Não há mais como negar o intento de reproduzir no Brasil um cenário que justifique possíveis investidas contra as frágeis estruturas da democracia representativa, o que significa que atentados e outras provocações poderão ocorrer em escala cada vez mais frequente e diversa contra outros “inimigos da Pátria, da família e dos bons costumes”, podendo inclusive servir como justificativas futuras para apelos ao intervencionismo autocrático convenientes à Lei e à Ordem, como recentemente foi enunciado pelo deputado federal Eduardo Bolsonaro e o ministro da economia Paulo Guedes, ao fazerem referência à possível reedição de um Ato Institucional restritivo aos direitos políticos, como foi feito em dezembro de 1968.
Essa breve análise sobre a fascistização em curso merece em outro momento uma crítica mais detalhada sobre as responsabilidades diretas que o PT e correligionários do projeto Democrático-Popular tiveram ao longo desse processo, pois o avanço da cultura conservadora junto à classe trabalhadora não pode ser debitada apenas à crise estrutural do capitalismo e seus desdobramentos no Brasil. Devemos levar em conta outros aspectos, entre eles as opções políticas para manter o acerto da conciliação de classes em tempos de conturbadas manifestações sociais, como as que ocorreram em Junho de 2013, conhecidas como Jornadas de Junho, que tiveram como resposta do Governo Dilma a edição, em 19 de dezembro daquele ano, da Portaria Normativa Nº 3461 que dispunha sobre as “Garantias da Lei e da Ordem” (GLO).

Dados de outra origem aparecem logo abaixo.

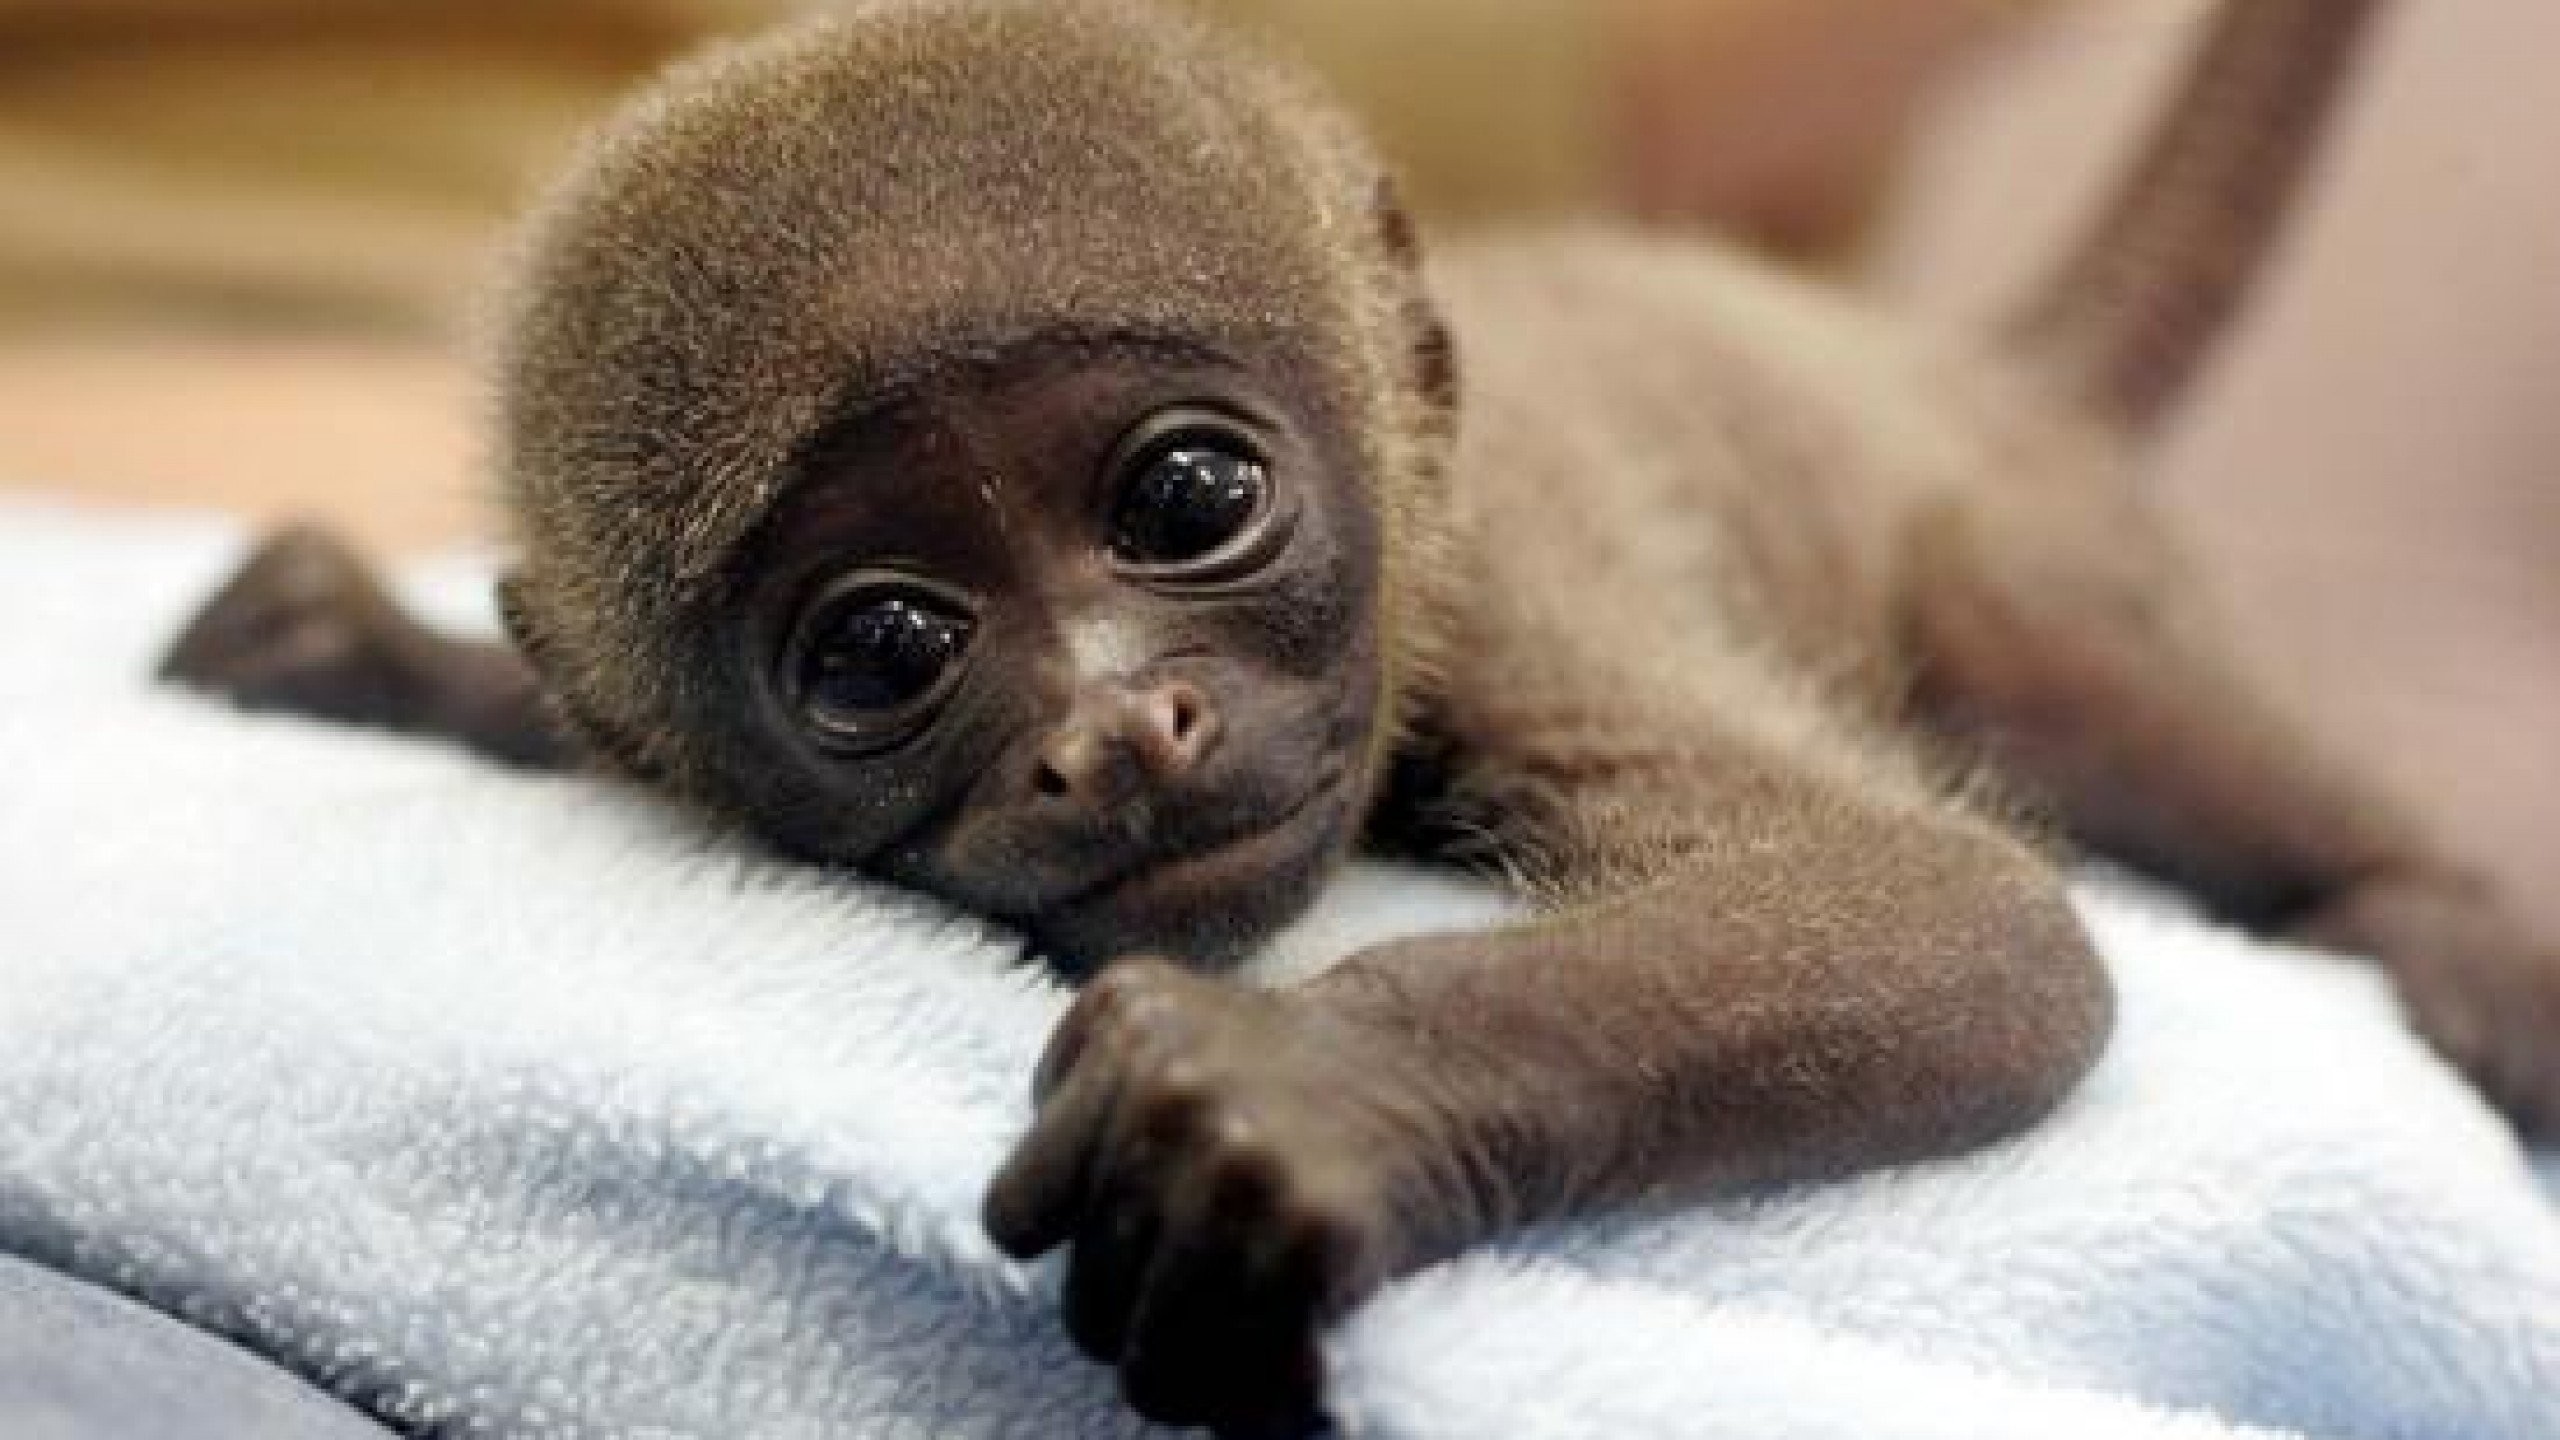 2560x1440 Cute Baby Monkey

Ao meu ver, o que cabe nesse cenário é compreender o avanço acelerado da fascistização no cenário político brasileiro e a disputa operada no sentido de precipitar justificativas ao golpismo institucional e ao aprofundamento de medidas reativas e autocráticas que servirão de esteio para uma repressão cada vez maior e “naturalmente” justificada pelo senso comum contra todo e qualquer tipo de resistência e oposição aos intentos autoritários do grupo sediado no Palácio do Planalto. Isso implica em compreender quais são as reais polêmicas em nossa estratégia para lidar com o mundo real, cenário das disparidades e contradições de nosso tempo presente e o que está em jogo nesse contexto de crise e ascensão neofascista, assim como importa e muito compreender quais são os reais inimigos a serem destacados, distinguindo-os dos diversos matizes de adversários, que ora se apresentam aqui e ali no atual contexto.
Por fim, aqueles que ousam resistir contra as agressões de classe e lutar contra os retrocessos impostos pelo Governo Bolsonaro devem entender que as condições de temperatura e pressão da Luta de Classes na América Latina e no Brasil vêm aumentando aceleradamente num patamar que exige de nós maior atenção diante das evidências da escalada autoritária, preparo ideológico e unidade política contra a horda neofascista que encontra respaldo em Brasília.
Devemos exigir veementemente das autoridades imediata e ampla investigação sobre os ataques à sede do grupo “Porta dos Fundos”, bem como imediata punição dos envolvidos, pois essa provocação fascista, assim como tantas outras provocações e agressões pautadas pela intolerância – a exemplo dos ataques cada vez mais frequentes às sedes e símbolos das religiões afrobrasileiras – não podem se tornar arremedos da banalização da barbárie cotidiana, correndo um sério risco de no futuro próximo um simulacro daquilo que foi o atentado fascista que incendiou o Reichstag (Parlamento Alemão em Berlim) em fevereiro de 1933, servindo como justificativa para o Golpe de Estado de Adolf Hitler, precipitar o intento e o desejo autocrático em um pesadelo real.